Venendo come servo, invece, e rivelandosi non solo come tale, ma in tutti i suoi aspetti salvifici, identificandosi nell’uomo, nel peccatore ma non nel peccato, trionfando su quel personaggio tremendo che è l’Avversario che nessun altro avrebbe potuto sconfiggere, lì veramente l’essere umano è stato posto di fronte a una scelta: credi in me e in Colui che mi ha mandato, oppure rifiutami.
Rifiutare Gesù Cristo non è semplicemente non credere a un personaggio storico o porre dei dubbi sul fatto che sia stato veramente Dio, ma è opporsi tanto all’amore del Padre nell’inviarlo quando al Suo nel morire per la creatura che, per quelle che erano le sue possibilità, avrebbe potuto solo “dimorare nelle tenebre”.

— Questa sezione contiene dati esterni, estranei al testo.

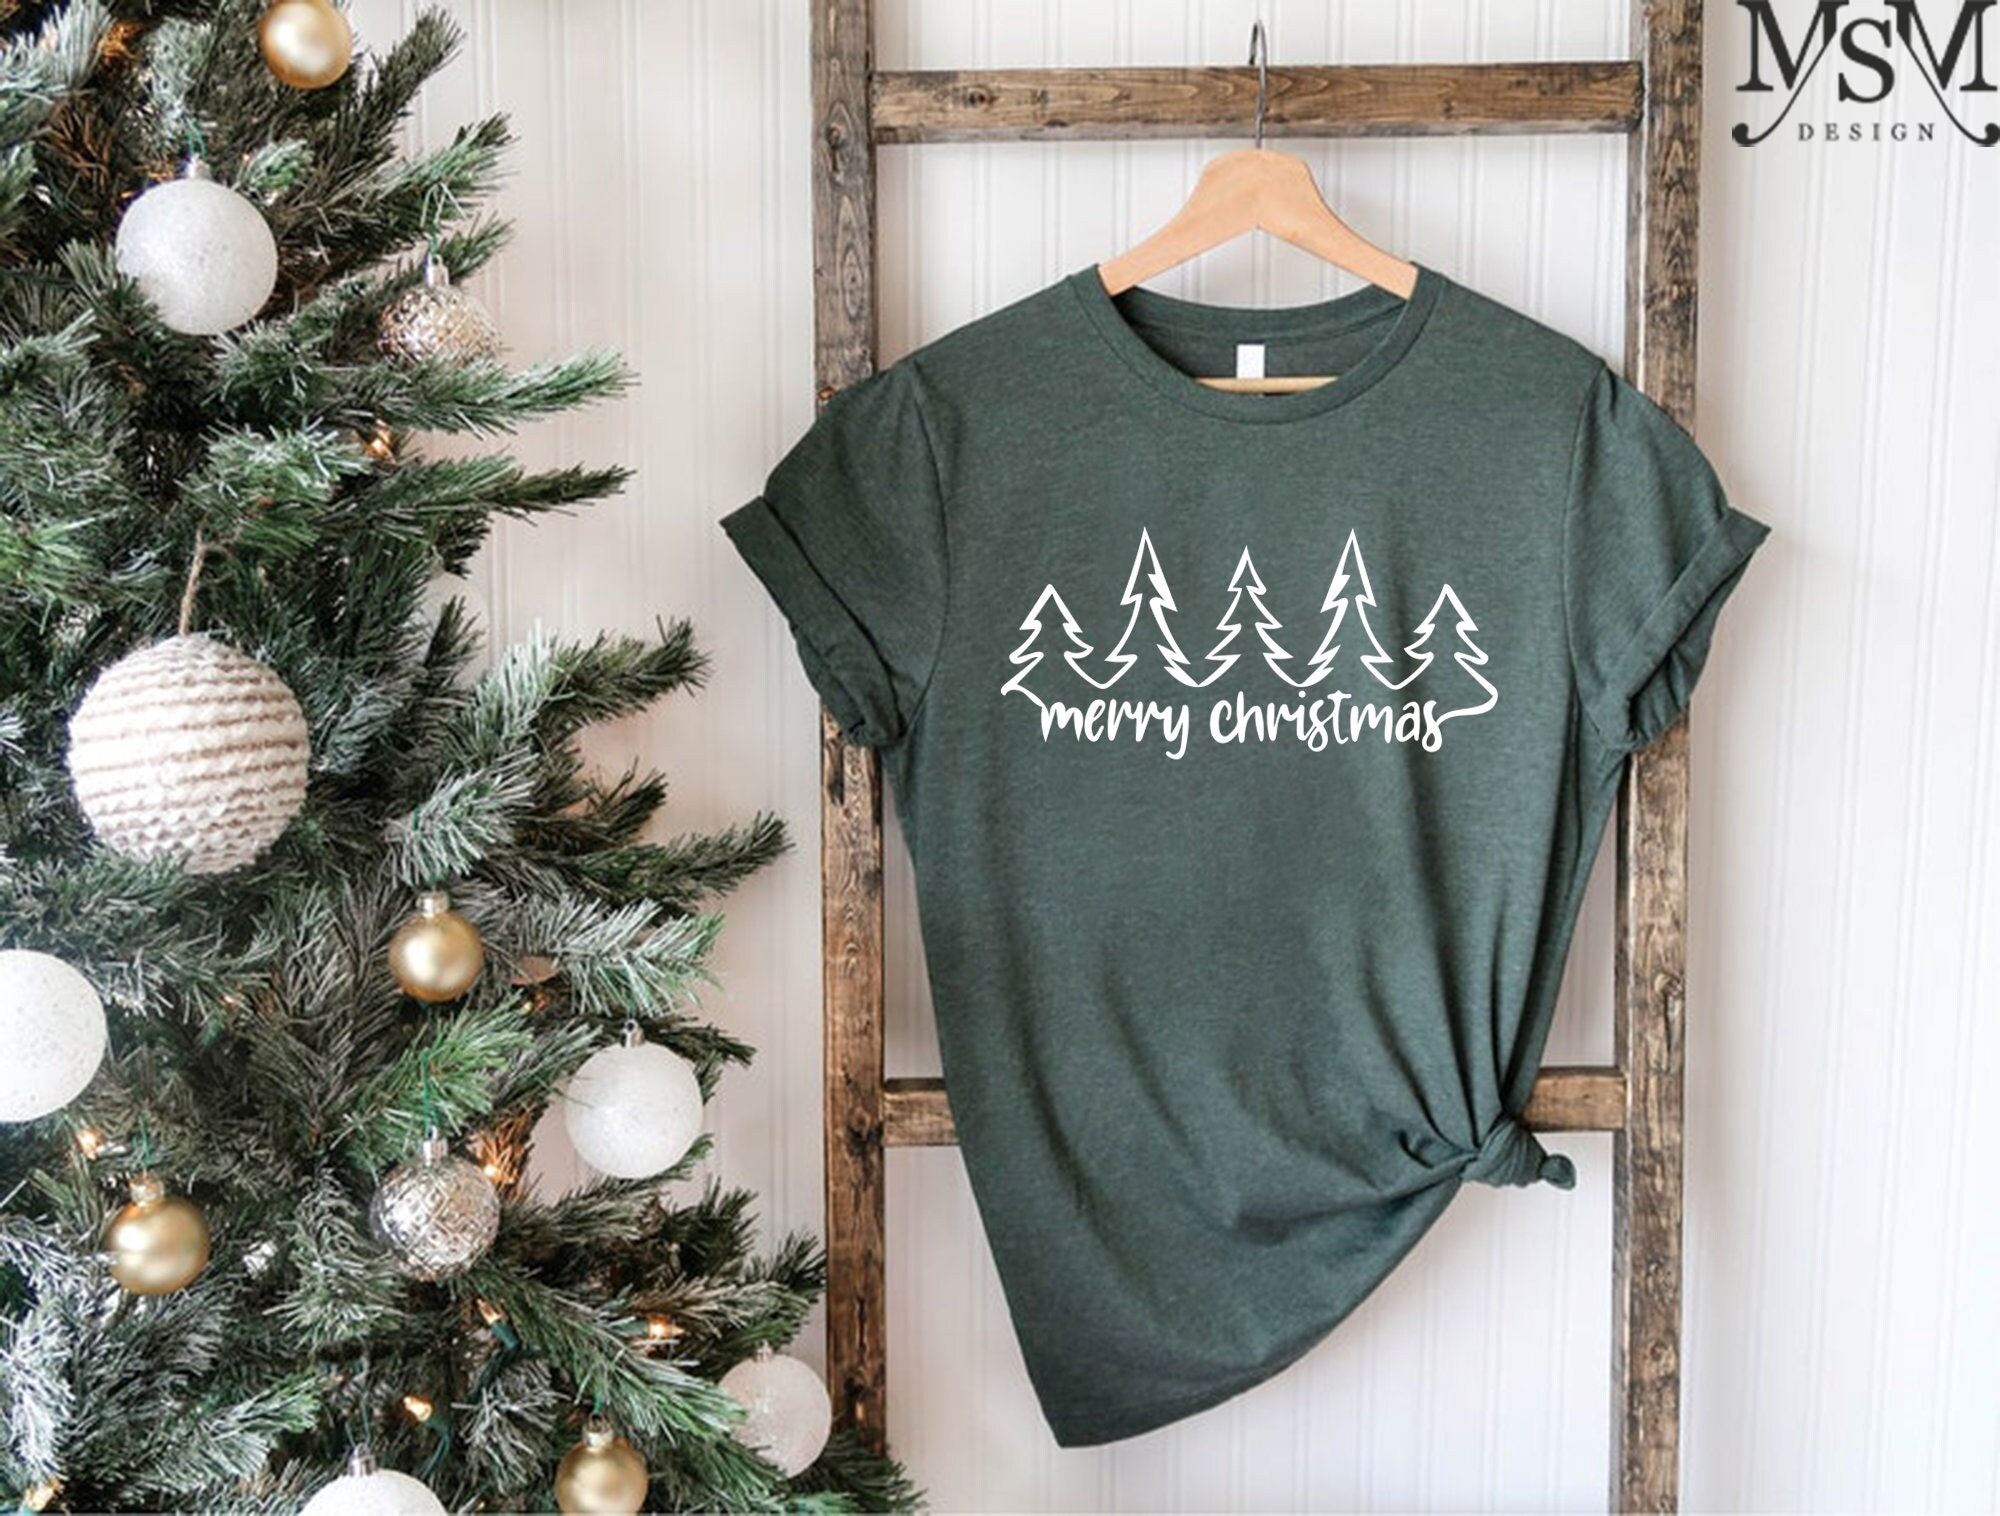 Limited Editon Christmas Trees Shirt Christmas Shirts For Women Christmas Tee Christmas Tshirt Shirts For Christmas Cute Merry Christmas Shirts 
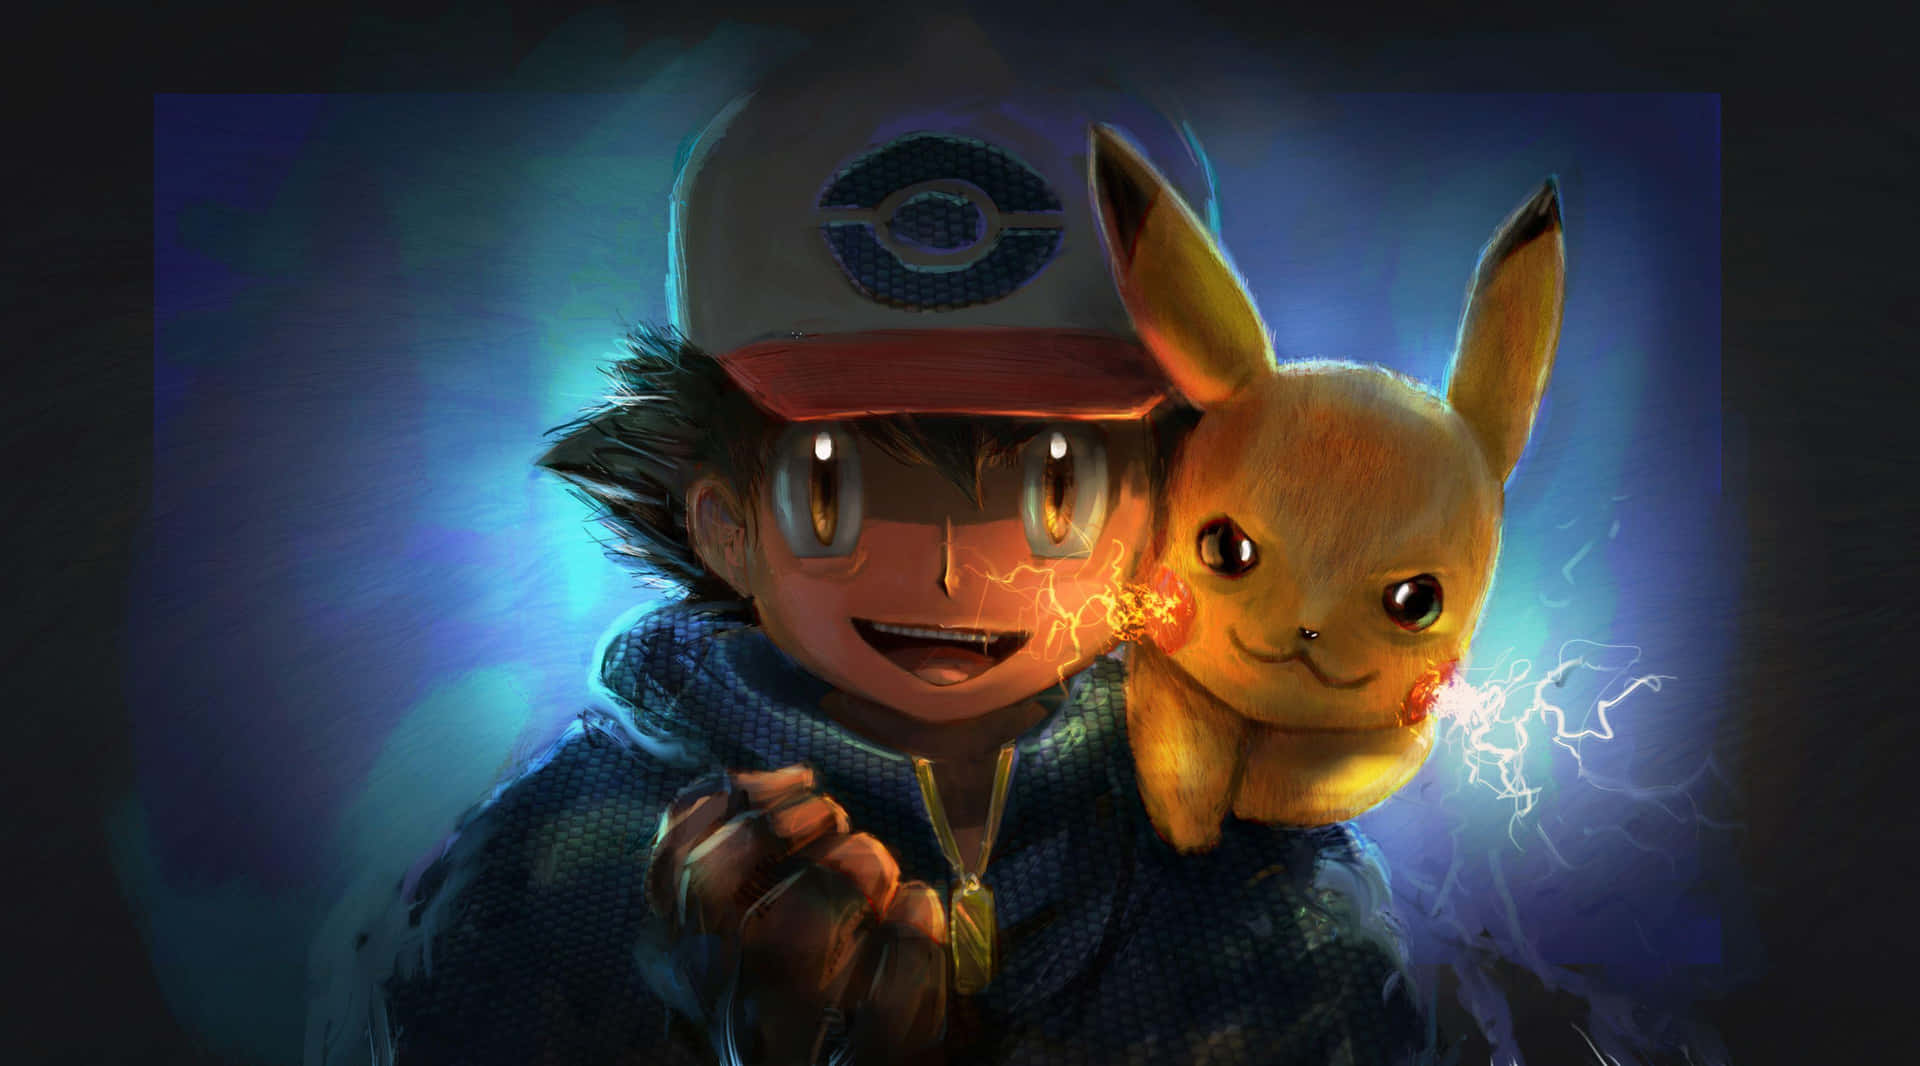 Ashand Pikachu Adventure Art Wallpaper

Gesù, Figlio di Dio ebbe questo compito e lo mantenne per tutta la vita; non è che visse tranquillamente fino al momento del Suo Sacrificio, anzi: ogni Sua parola, ogni miracolo, dottrina, esposizione, procedeva dal Padre e quindi fu il Padre, tramite Lui, ad avere una parola per ogni uomo, peccatore o convertito. Amen.